* **Goal of the exercise**: Leave out the images and repeat the listing below without a single change.

* **Information provided**:
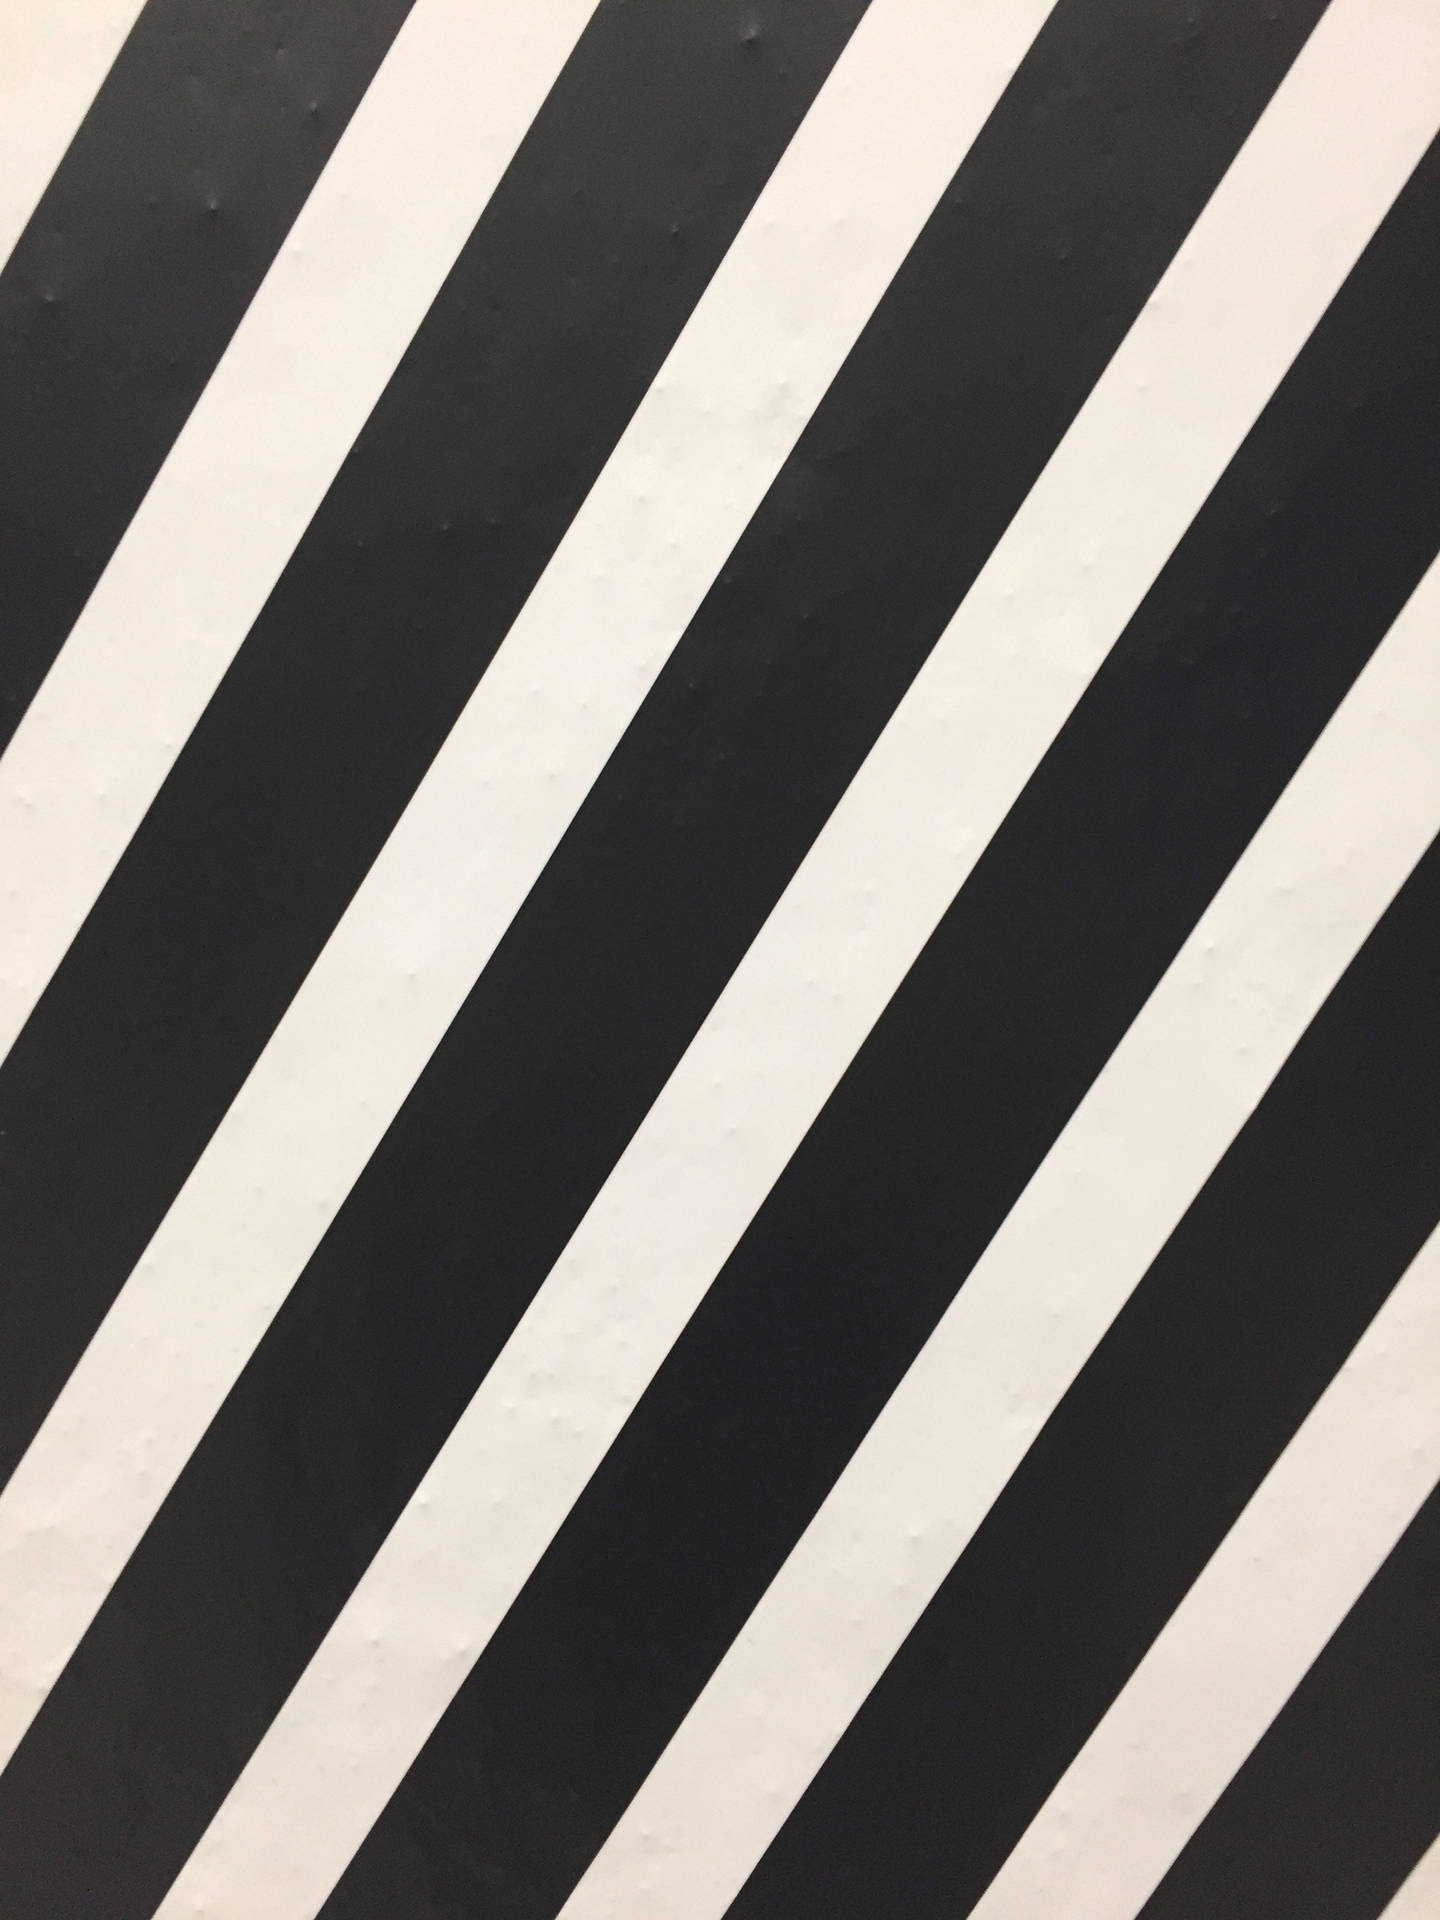 Black And White Zebra Stripes Background
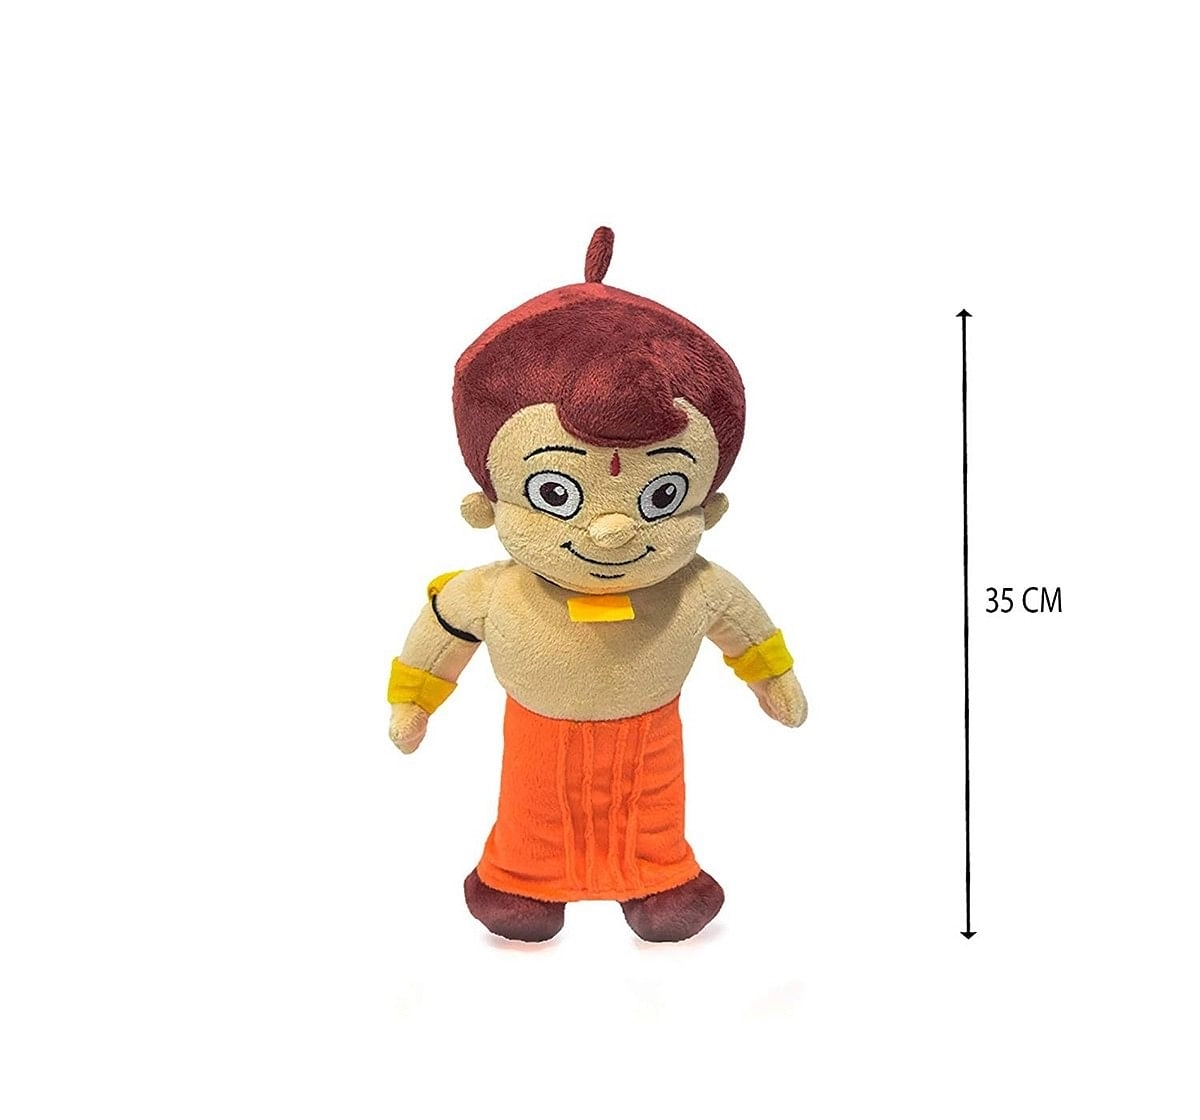  Chhota Bheem Dancing B/O Plush Toy Interactive Soft Toys for Kids age 2Y+ - 39 Cm 
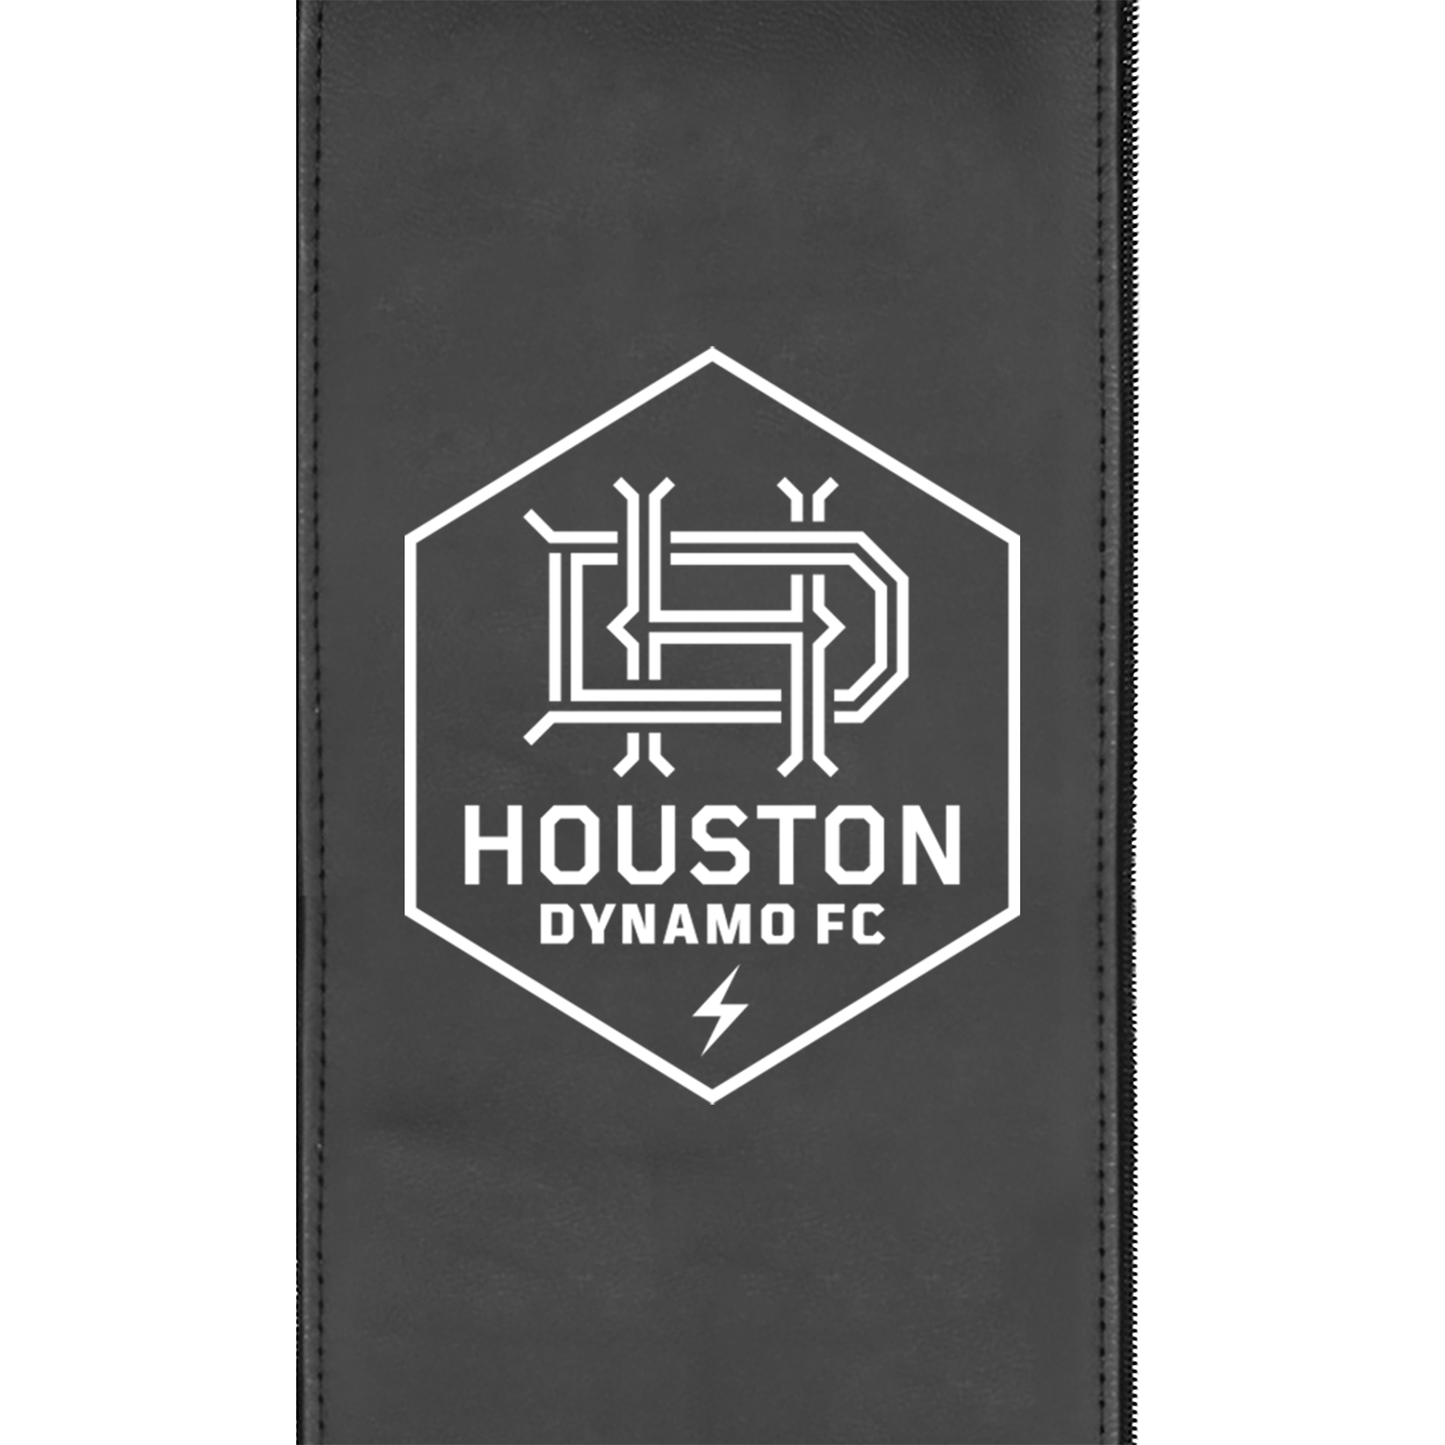 Curve Task Chair with Houston Dynamo Secondary Logo
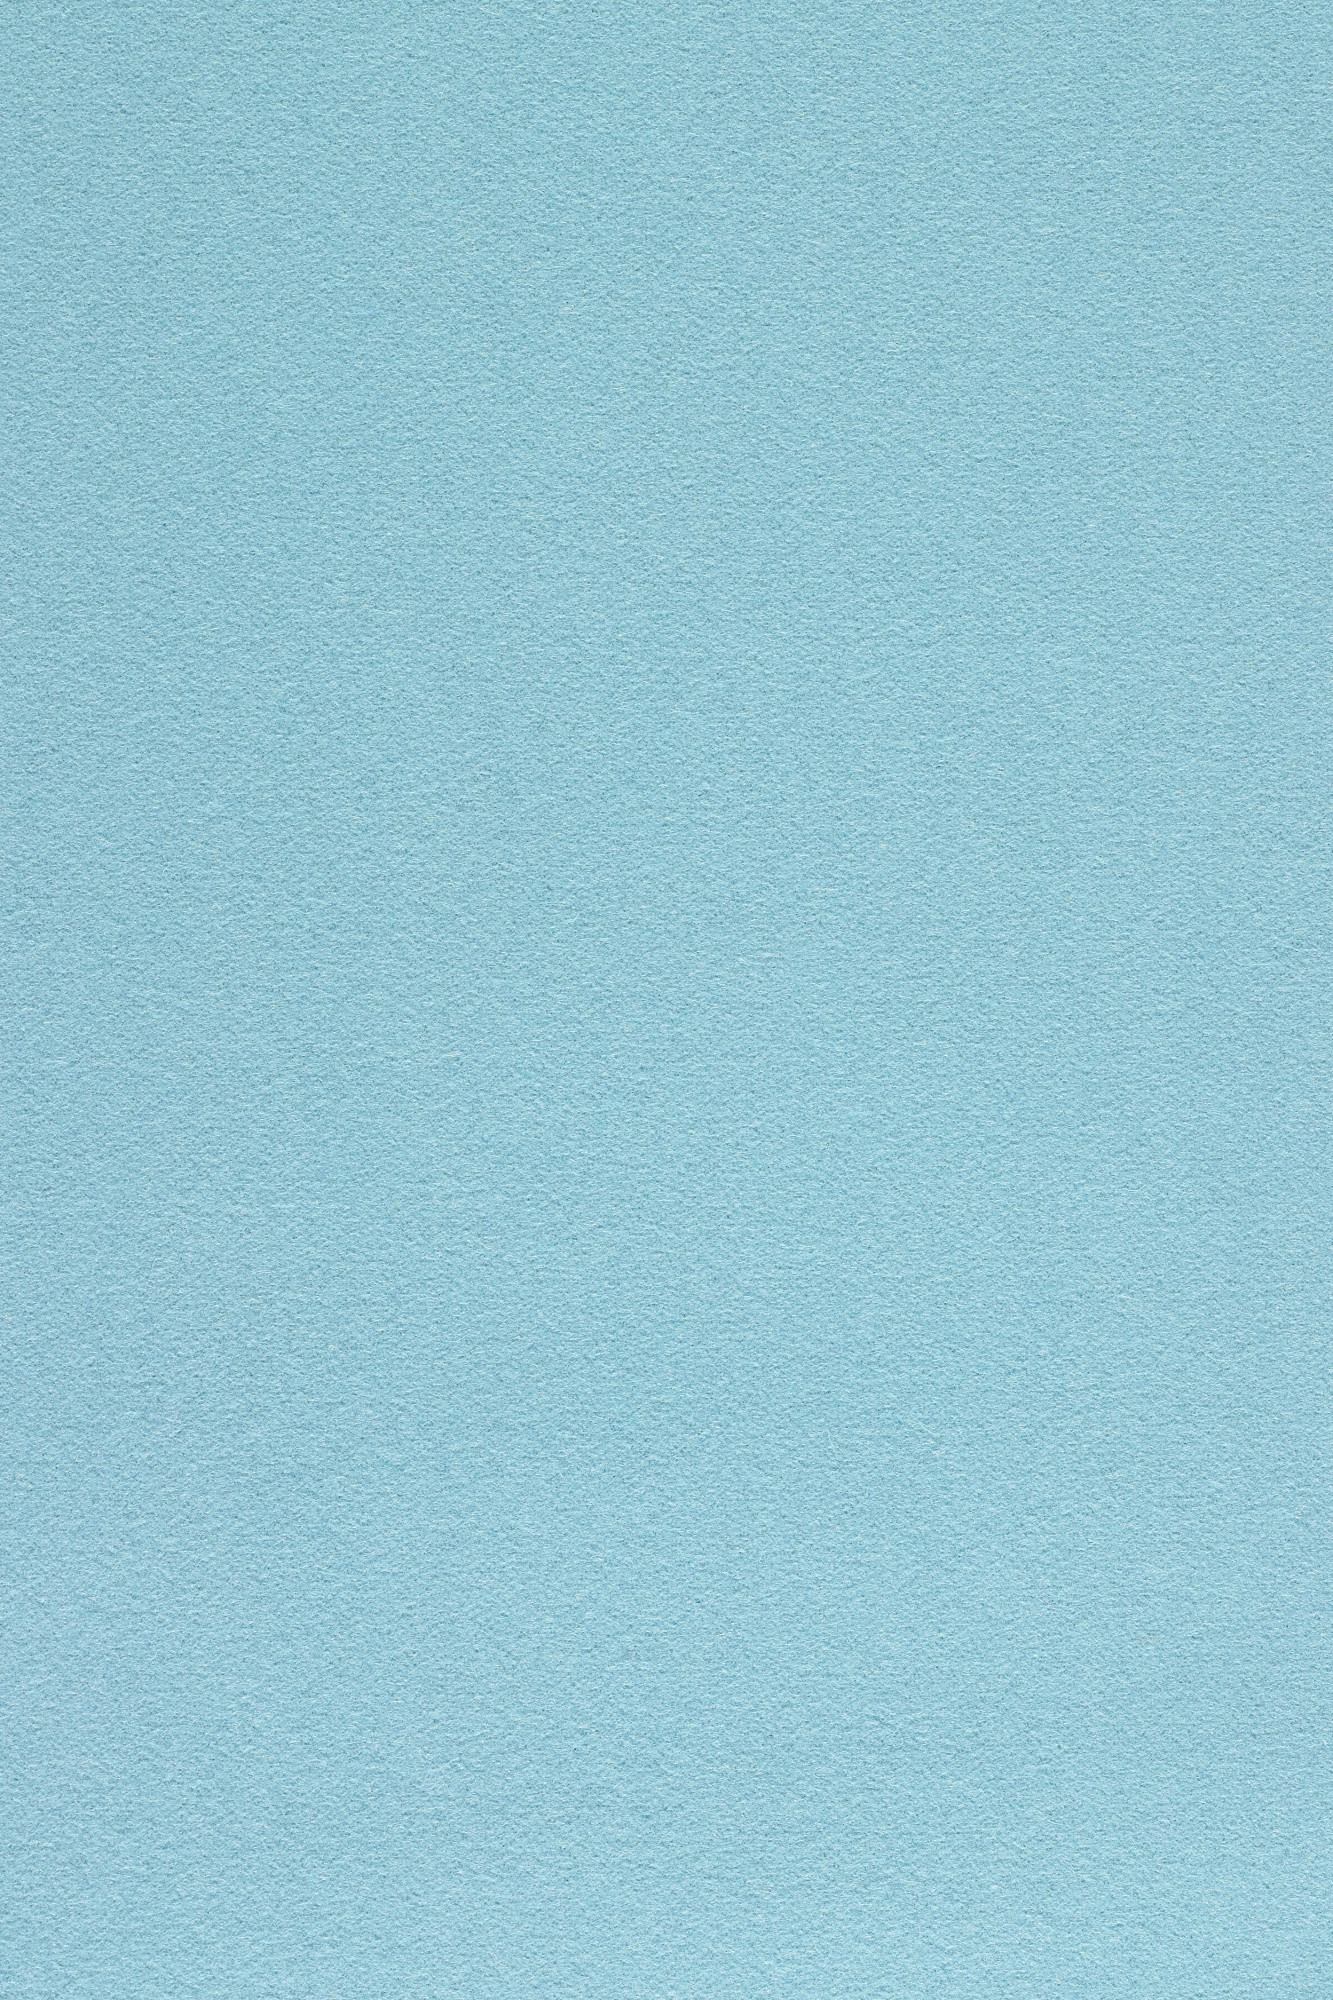 Fabric sample Divina 3 836 blue

* **Final answer**:
 Black And White Zebra Stripes Background
  Chhota Bheem Dancing B/O Plush Toy Interactive Soft Toys for Kids age 2Y+ - 39 Cm 
 Curve Task Chair with Houston Dynamo Secondary Logo
 Fabric sample Divina 3 836 blue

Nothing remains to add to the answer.